InstallationΒΆ
Install mlcomp package
pip install mlcomp mlcomp init mlcomp migrate
Setup your environment
A Configuration file automatically created at ~/mlcomp/configs/.env
Environment variables:
ROOT_FOLDER - folder to save mlcomp files: configs, db, tasks, etc
TOKEN - site security token.

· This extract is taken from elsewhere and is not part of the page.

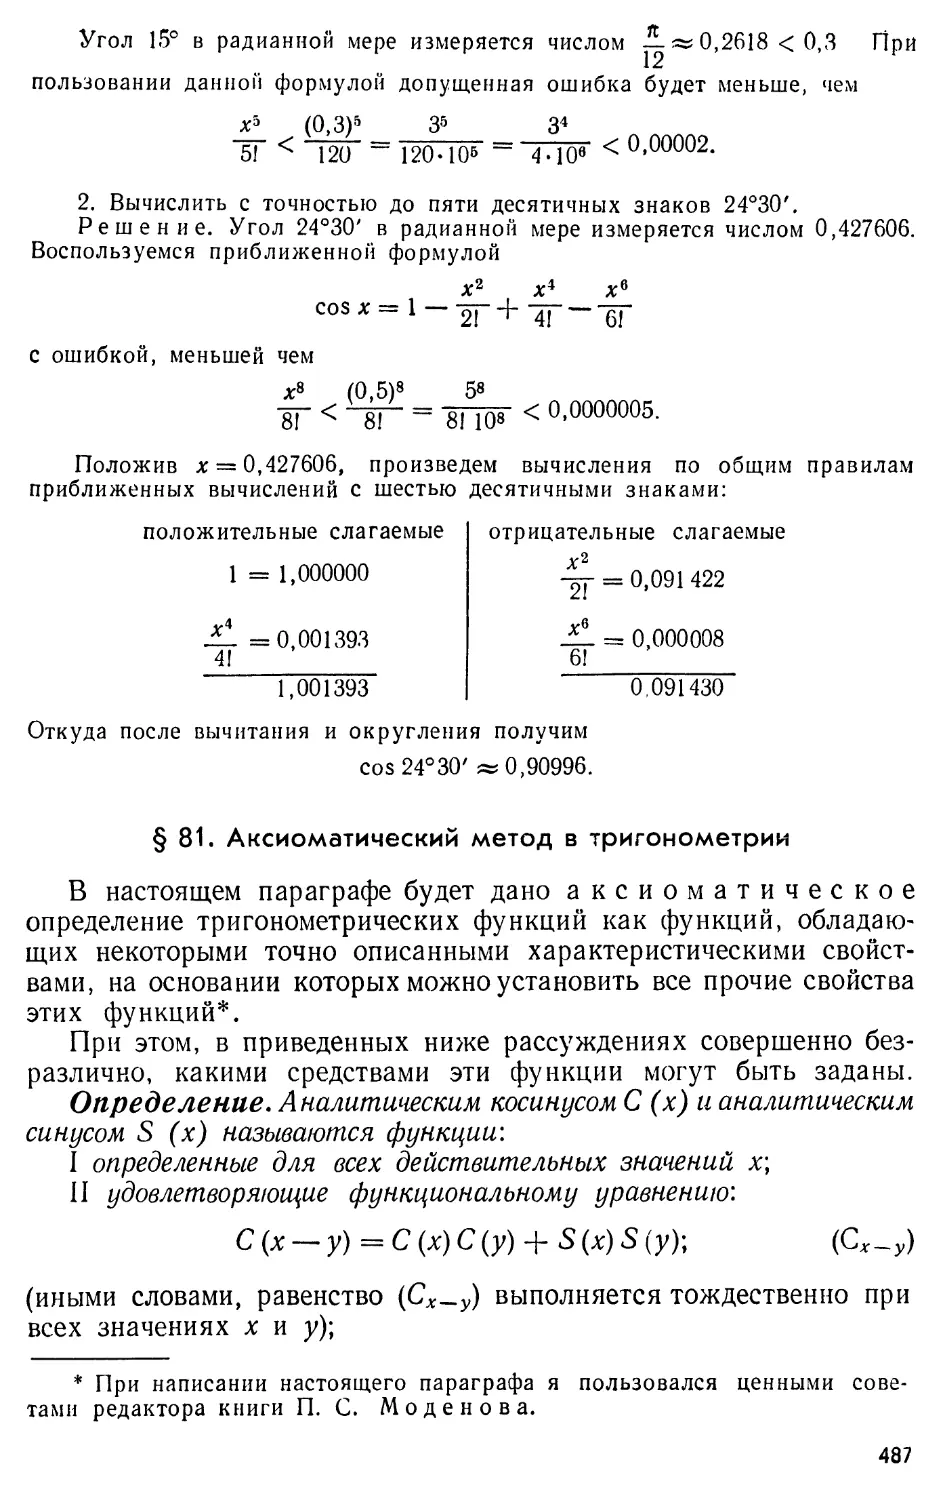 § 81. Аксиоматический метод в тригонометрии

Please change it to any string
DB_TYPE. Either SQLITE or POSTGRESQL
POSTGRES_DB. PostgreSql db name
POSTGRES_USER. PostgreSql user
POSTGRES_PASSWORD. PostgreSql password
POSTGRES_HOST. PostgreSql host
PGDATA. PostgreSql db files location
REDIS_HOST. Redis host
REDIS_PORT. Redis port
REDIS_PASSWORD. Redis password
WEB_HOST. mlcomp site host. 0.0.0.0 means it is available from everywhere
WEB_PORT. mlcomp site port
CONSOLE_LOG_LEVEL. log level for output to the console
DB_LOG_LEVEL. log level for output to the database
IP. Ip of a worker. The worker must be accessible from other workers by these IP/PORT
PORT. Port of a worker. The worker must be accessible from other workers by these IP/PORT (SSH protocol)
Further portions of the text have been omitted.